For the last few years, Graphcore has primarily been focused on slinging its IPU chips for training and inference systems of varying sizes, but that is changing now as the six-year-old British chip designer is joining the conversation about the convergence of AI and high-performance computing.
There are now 168 supercomputers in the Top500 and quite a few more outside of that list that use accelerators to power these increasingly converging workloads. Most of these systems are using Nvidia’s GPUs, but the appearance of seven new systems with AMD’s fresh Instinct MI250X GPUs — which includes Oak Ridge National Laboratory’s Frontier, the United States’ first exascale system — shows there is an appetite to consider alternative architectures when they can provide an advantage.
Graphcore hopes it can soon get a slice of this action with its massively parallel processors.
Phil Brown, a Cray veteran who returned to Graphcore in May as vice president of scaled systems after a four-month stint at chip startup NextSilicon, tells The Next Platform that the IPU maker has recently “seen significant, sustained interest” from organizations that are considering deploying Graphcore’s specialized silicon for these converged AI and HPC needs, and this includes large deployments.
“I think we’re now at the point where there is going to be significant interest in doing large-scale deployments with the systems. The technology space and machine learning capability has evolved sufficiently that it can deliver significant value to the scientific organizations, and so I’m expecting those to follow quite rapidly in the future,” he says.
Graphcore views three key opportunities around the convergence of HPC and AI: using IPU’s “class-leading” performance for 32-bit floating point math to tackle HPC applications, training large foundation models like DeepMind’s 280-billion-parameter language model, and “using AI to complement and accelerate traditional HPC workloads” to create a feedback loop of sorts.
It’s the latter area that Brown says is likely the largest opportunity for Graphcore in HPC.
“This may be having surrogate models, elements of a traditional HPC simulation, replaced by a machine learning kernel parameterization in a weather forecast, for example,” he says.
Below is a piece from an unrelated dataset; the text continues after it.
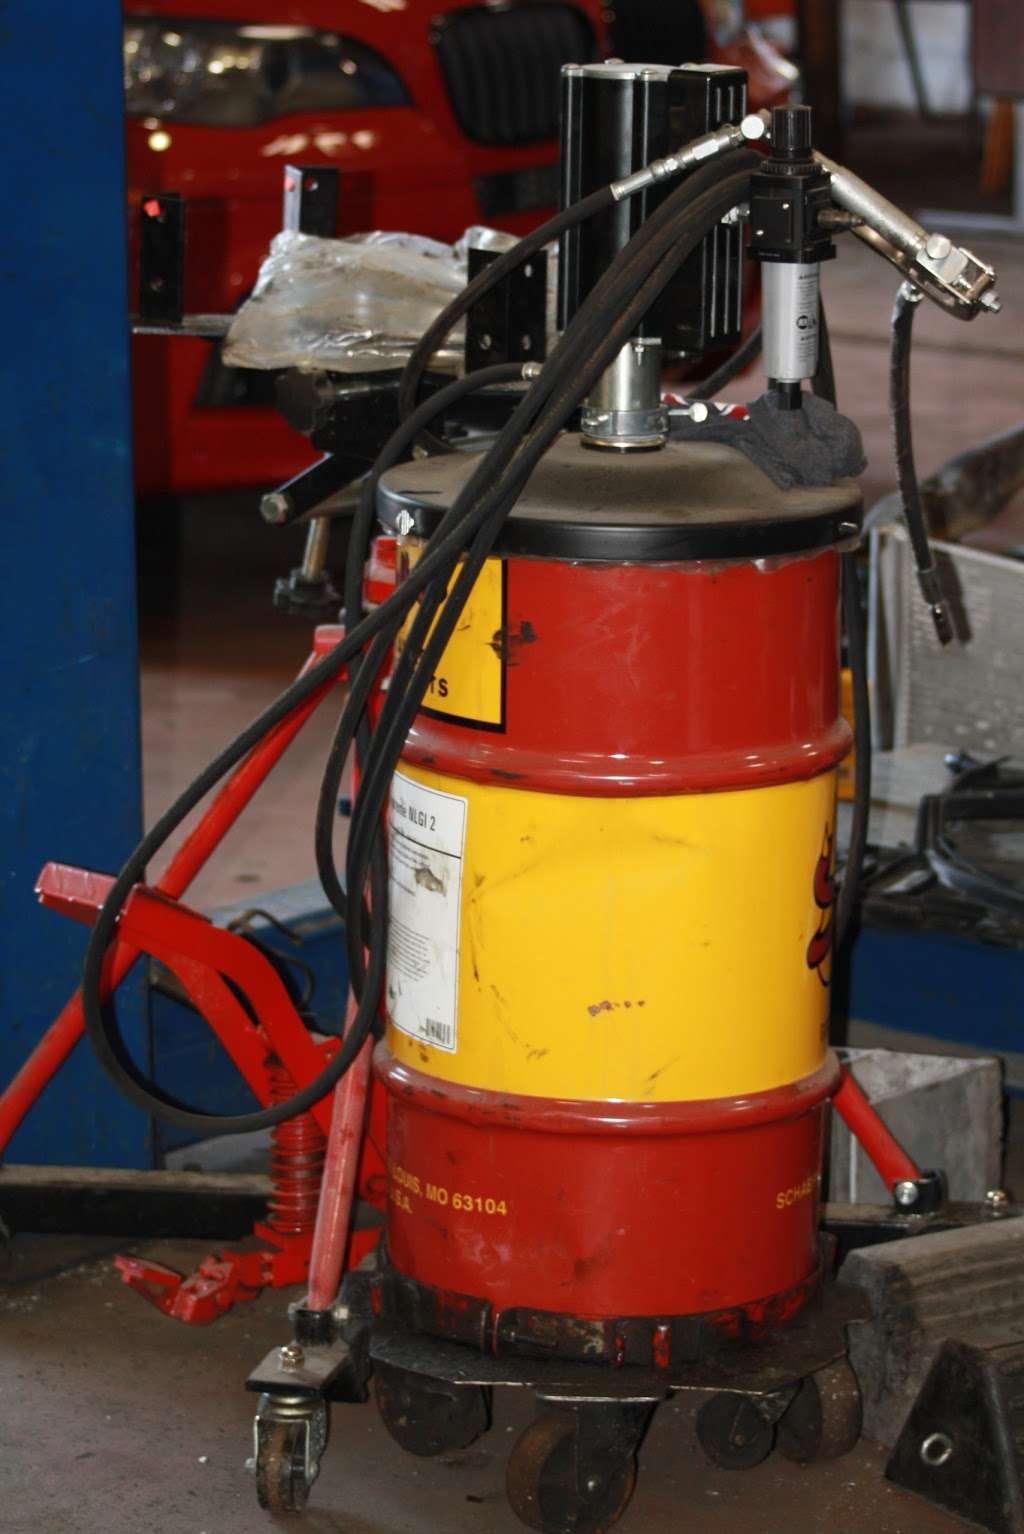 Sharp Express - car repair  | Photo 4 of 10 | Address: 413 Christina Dr, East Dundee, IL 60118, USA | Phone: (773) 616-0013

Surrogate models are computationally expensive, he added, so replacing them with a machine learning models that are “much cheaper but equally accurate” can help reduce the overall cost of running simulations.
These opportunities are based on exploratory work Graphcore has conducted with partners that has yielded promising results. For instance, the company says its IPUs were used to train a gravity wave drag model for weather forecasting five times faster than Nvidia’s V100. In another example, Hewlett Packard Enterprise trained a deep learning model for protein folding using Graphcore’s IPU-M2000 system and found that the second-generation IPU was around three times faster than Nvidia’s A100.